Его увлек наш рассказ о том, как немцы расстреливали горящие на воде дымовые шашки. У командира базы возникла мысль соорудить специальный имитатор, который вводил бы противника в заблуждение. Затея удалась. На воде вспыхивало пламя. Яркое, огромное. А потом гремел взрыв и во все стороны летели горящие обломки.

Забегая вперед, скажу, что этими бочками мы много раз обманывали противника. Сколько снарядов фашисты потратили, обстреливая костры на воде, сколько, наверное, Железных крестов получили за «подожжение и потопление красных катеров»!..

Кто знает, может, и не разгадали бы они нашу хитрость, если бы мы сами не сплоховали: сбросили имитатор вблизи берега, на глазах вражеских наблюдателей. После этого немцы больше не стреляли по нашему фейерверку. [50]

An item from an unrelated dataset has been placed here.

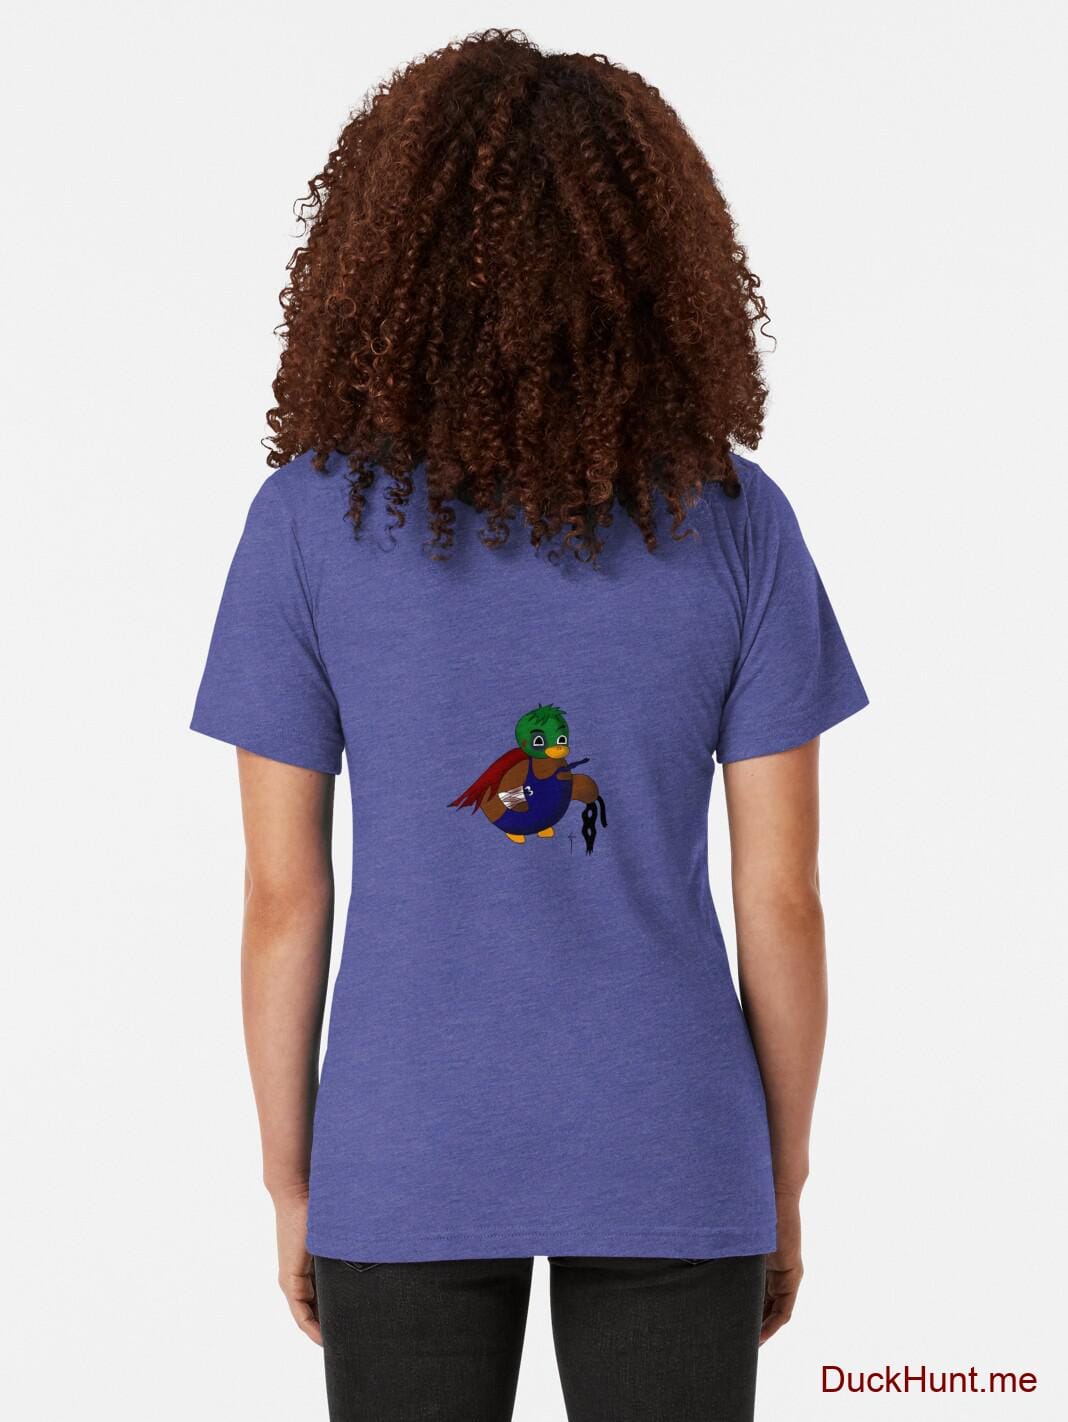 Dead DuckHunt Boss (smokeless) Royal Tri-blend T-Shirt (Back printed) alternative image 1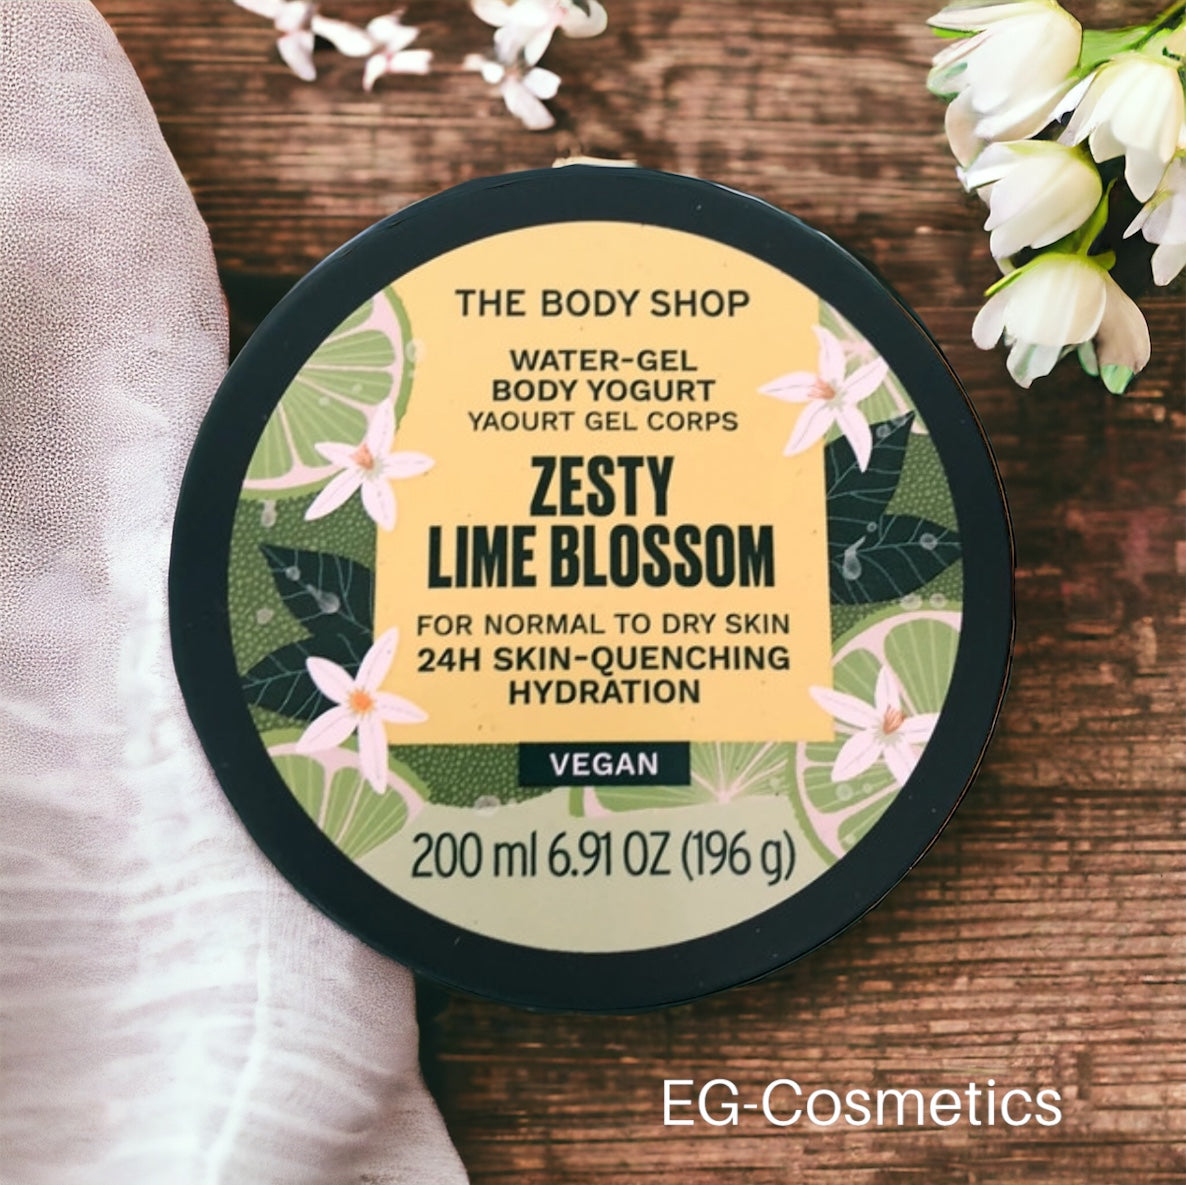 The Body Shop 'Zesty Lime Blossom' Water-Gel Body Yoghurt 200ml

25 мая войска Северо-Кавказского фронта взломали оборону противника на участке Киевское, Неберджаевская и перешли в наступление. Противник, отчаянно сопротивляясь, усилил переброску резервов из Крыма. Нашей бригаде предписывалось торпедными ударами по транспортным судам в районе Анапы и огневыми налетами «катюш» по береговым объектам срывать эти переброски. Но боеприпасов для «катюш» было мало, штаб приказывал экономить.

* * *

Не успели мы как следует освоить новые катера, приказ: два артиллерийских катера передать в формирующуюся Азовскую военную флотилию. Отправляюсь в Поти, в штаб флота, уговариваю оставить нам катера. Нет, ничего изменить нельзя. Досаду мою не развеяло и известие о присвоении мне звания капитана 2 ранга.

А в Геленджике ждало настоящее горе. Группа наших моряков стояла на причале и скорбно вглядывалась в море. Спрашиваю:

— Что случилось?

— Сорок шестой и шестьдесят шестой не вернулись с задания, — доложил Бобынин.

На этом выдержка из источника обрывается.